In bodybuilding the benefits of long muscle bellies are fairly self evident, just look at Ronnie Coleman's out of place biceps and compare them to Sergio Oliva.

For any sport requiring strength there would also be significant benefits simply due to the increased muscle mass. In the case of the legs, there seems to be a fair amount of literature showing that long achilles tendons and short calf muscle bellies are an ideal combination for runners, so there's an obvious reason why someone would have long tendons and short muscles in the lower extremeties.

I can even make a hypothesis that not having a too long bicep and having a longer tendon distally would allow for better elbow ROM. However, for the forearm, I haven't been able to find any literature, nor think of any practical benefit to having a short muscle belly and long tendons, yet some people have exactly that - a large flare right below the elbow with not much of a taper to the wrist.

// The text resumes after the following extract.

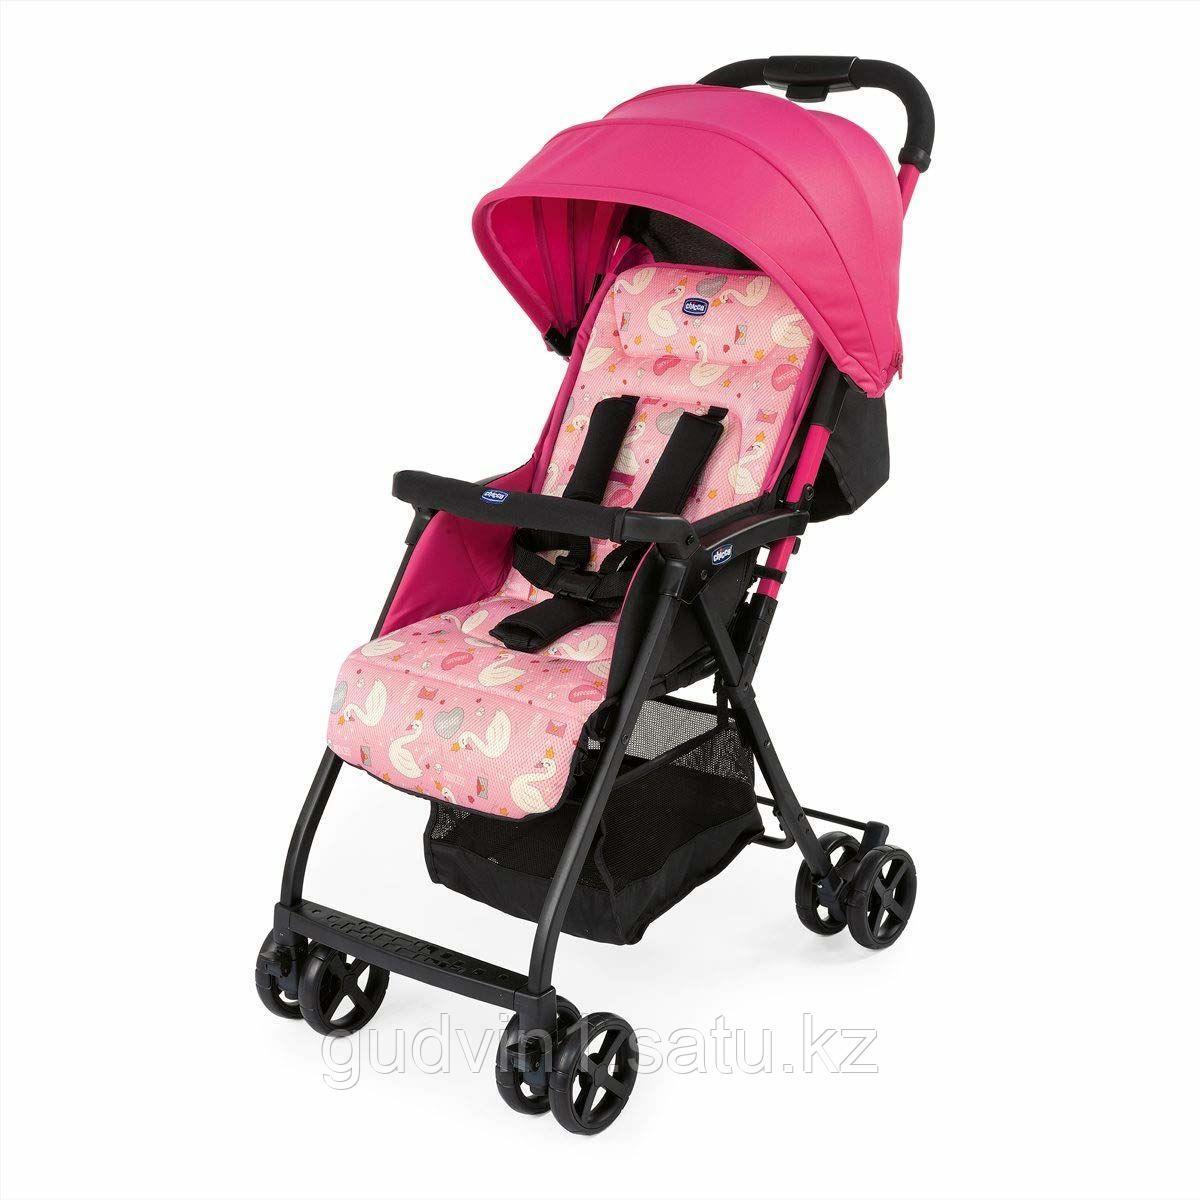 Chicco: Прогулочная коляска Ohlala 2 Pink Swan код: 1151663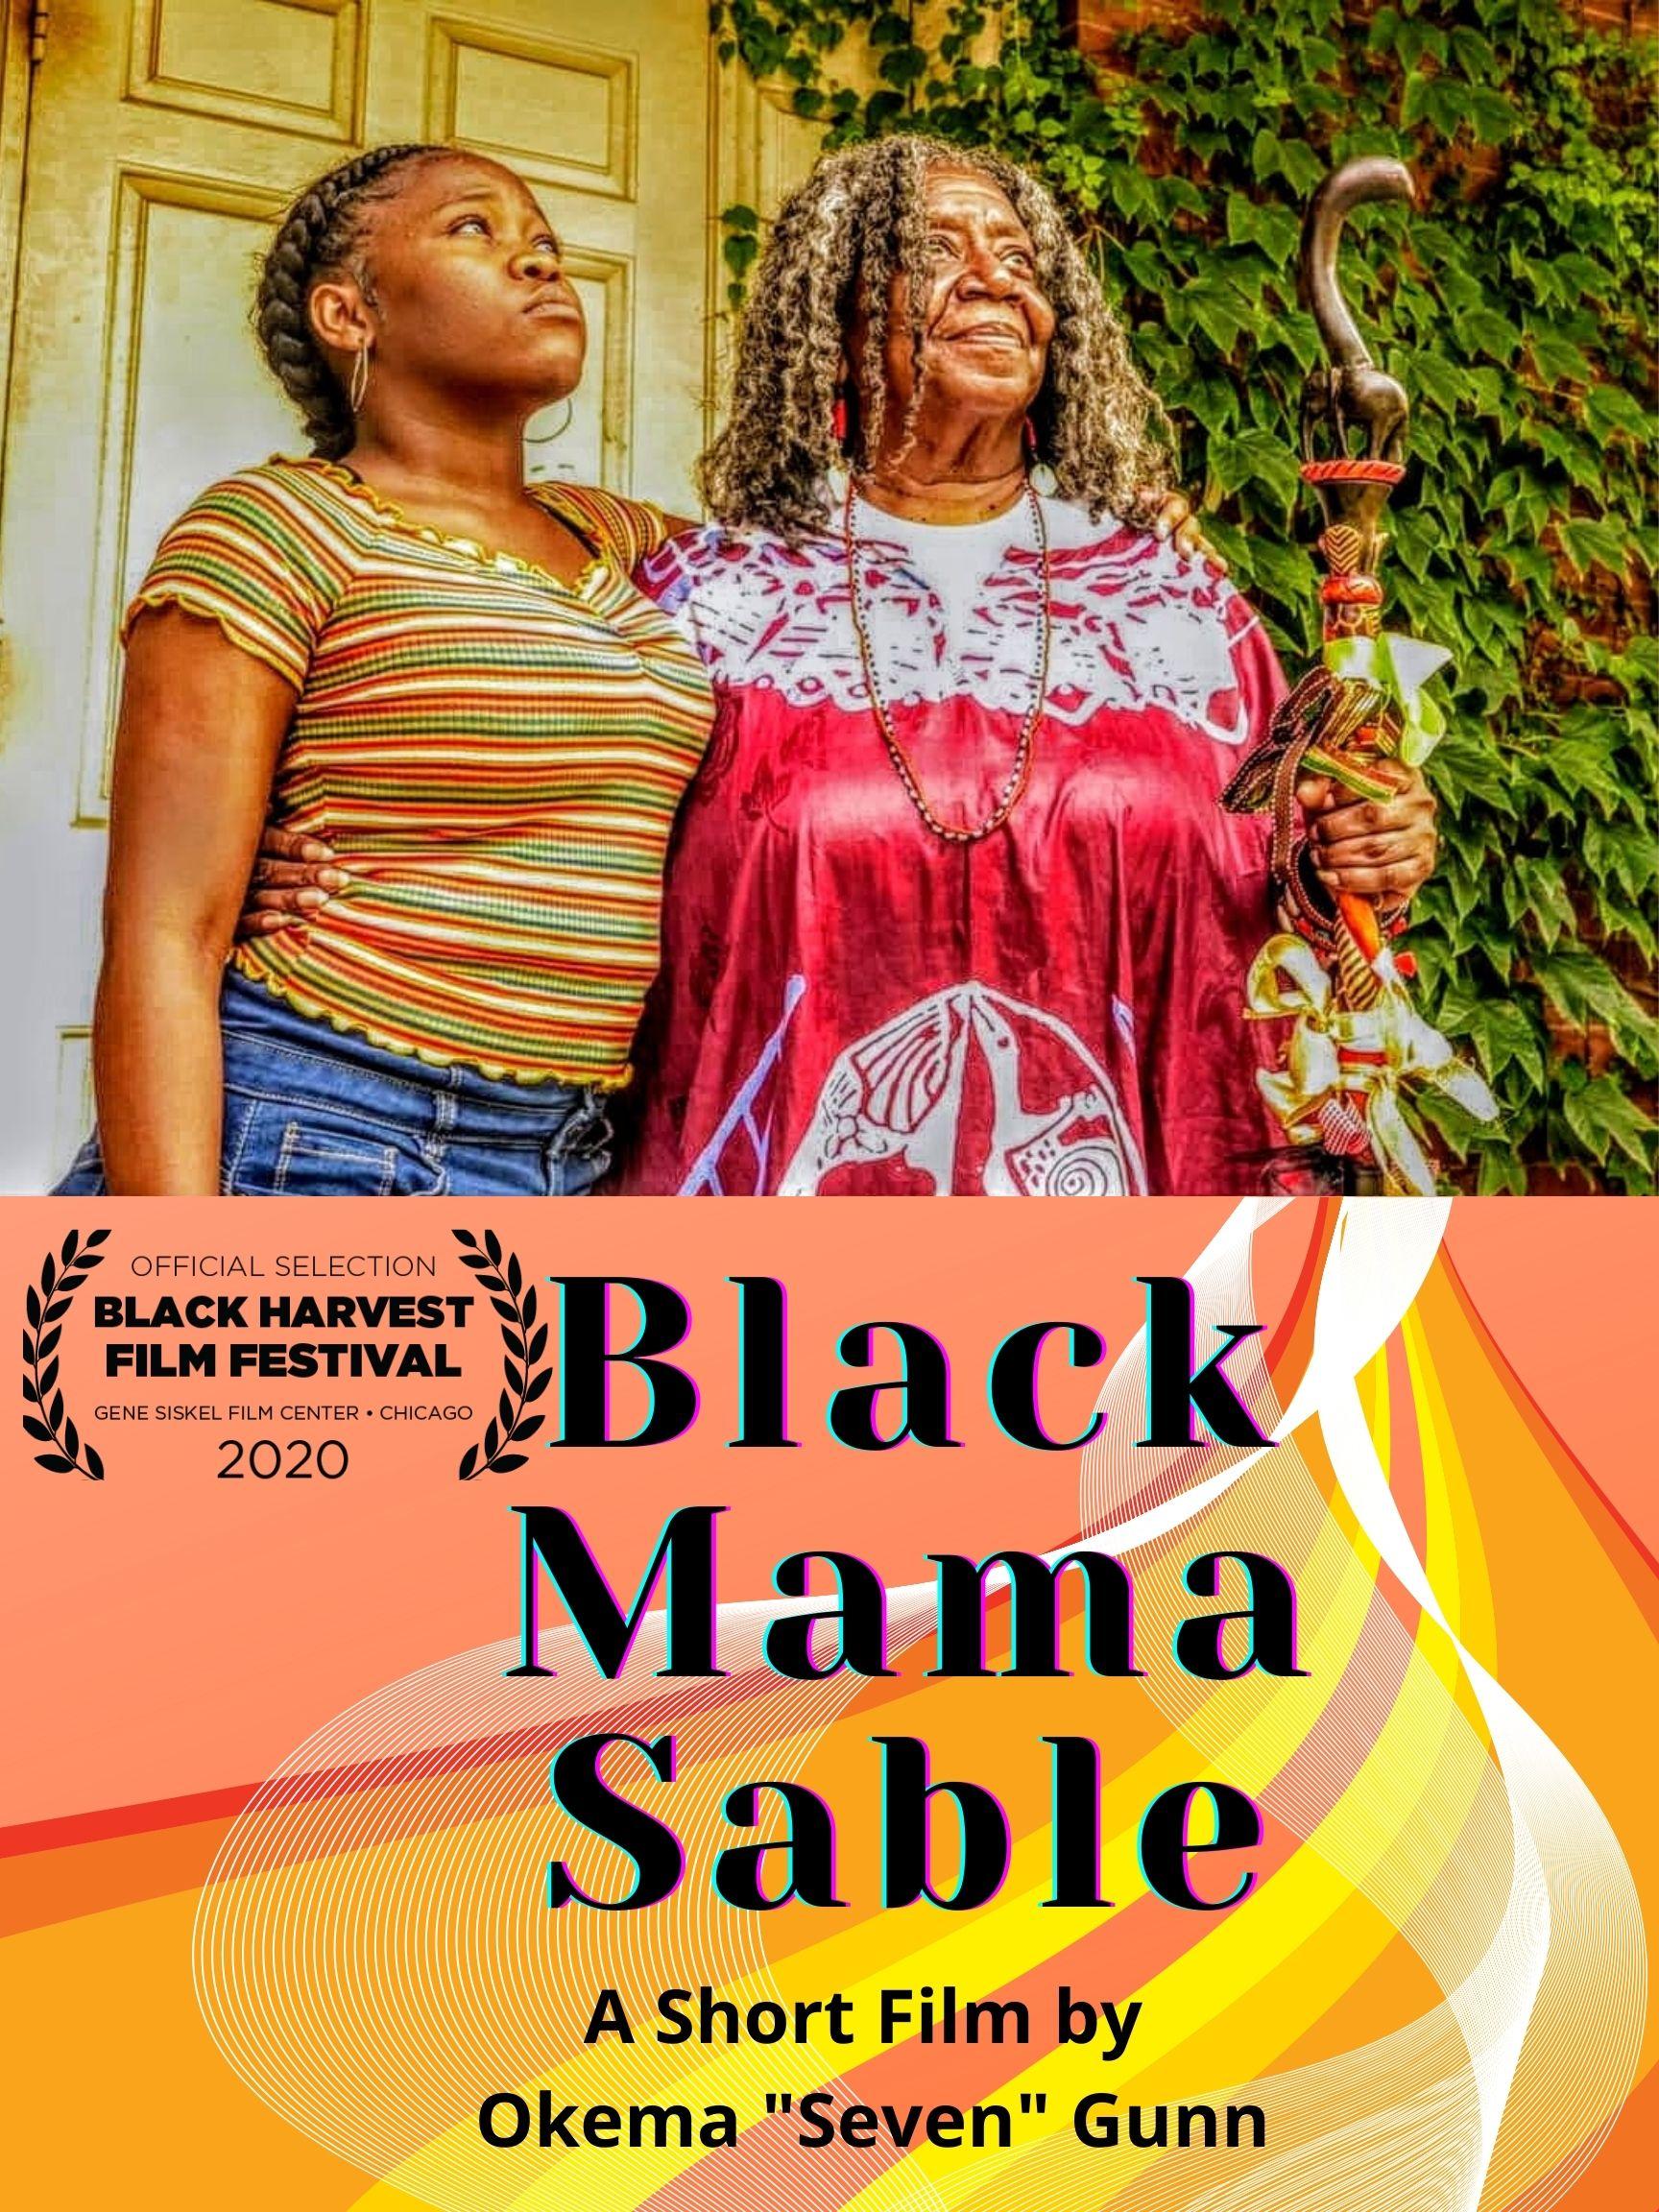 26th Annual Black Harvest Film Festival World Premiere:

Any thoughts on this topic?

  • Could you explain the relation you think there is between the length of a muscle-tendon-complex and the ROM? Then I have an idea about what the answer should try to explain.
    – Ivo Flipse
    Commented Jun 25, 2012 at 8:31
  • If your distal tendon of the bicep is so short that you can't see where the muscle ends and the tendon begins, and you flex your elbow joint, the contracted bicep will get in the way of making a very small angle. If the tendon's longer, even though flexing the elbow joint contracts the bicep, the angle's a lot smaller before the forearm comes in contact with the bicep, thereby preventing further flexion.
    – Robin Ashe
    Commented Jun 25, 2012 at 8:36
  • How much a muscle shortens doesn't depend solely on the length of the muscle belly, but also on the location on its insertion (given it a moment around the joint), the orientation of the fibers in the muscle and the way the tendons are connected to the muscle. I'll have a look in my anatomy books to find some good images for you
    – Ivo Flipse
    Commented Jun 25, 2012 at 8:50
  • sorry its taking so long, but I'm currently moving and those books are in the new house already, so don't have access to it just yet.
    – Ivo Flipse
    Commented Jul 6, 2012 at 7:52
  • So, is this something that can be effected significantly through exercise or fitness? Commented Jul 9, 2012 at 21:04

2 Answers 2


I believe shorter muscle bellies fatigue faster and have greater explosive potential.

To get a full contraction on a short muscle belly, actin and myosin filaments have to attach, detatch, and reattach fewer times hence my belief that it would have greater explosive potential.

  • Interesting thought, but I think that would be offset by longer muscle fibers having correspondingly more binding sites. In a longer fiber, you simply have more sarcomeres per length. I would think that would argue for more sarcomeres being able to generate more power. In any case, it's simply a belief. Would make for an interesting study though.
    – JohnP
    Commented Sep 11, 2012 at 20:58
  • What suggests that short muscle bellies have longer muscle fibers? Also think about this. Shorter sarcomeres have less distance to contract and get the job done faster. Whereas long sarcomeres are the exact opposite. Who would get done digging a large hole quicker: 100 men or 10 men?
    – BryceH
    Commented Dec 11, 2012 at 11:28
  • Depends on the size of the hole and how many of them are working. But if you were to ask who can get 100 holes dug faster, I think the answer is clear. Commented Jul 9, 2013 at 11:23
  1. Muscle to Tendon ratio: Those who have long bellies and short tendons have a greater potential for achieving muscular size than those who have short bellies and long tendons.

  2. Strength: Individuals with long muscle bellies have the potential to be quite strong, because of a larger cross-sectional area.

  3. Lever and Proportions: Those who have favorable lever lengths and body proportions have a greater strength potential in certain exercises because they don't have to move the weight as far as those who have less favorable lever lengths and body proportions. The end result is that they can lift extraordinarily heavy weights

  4. Tendon insertion: The farther away that a tendon inserts from an axis of rotation, the greater the biomechanical advantage and strength potential.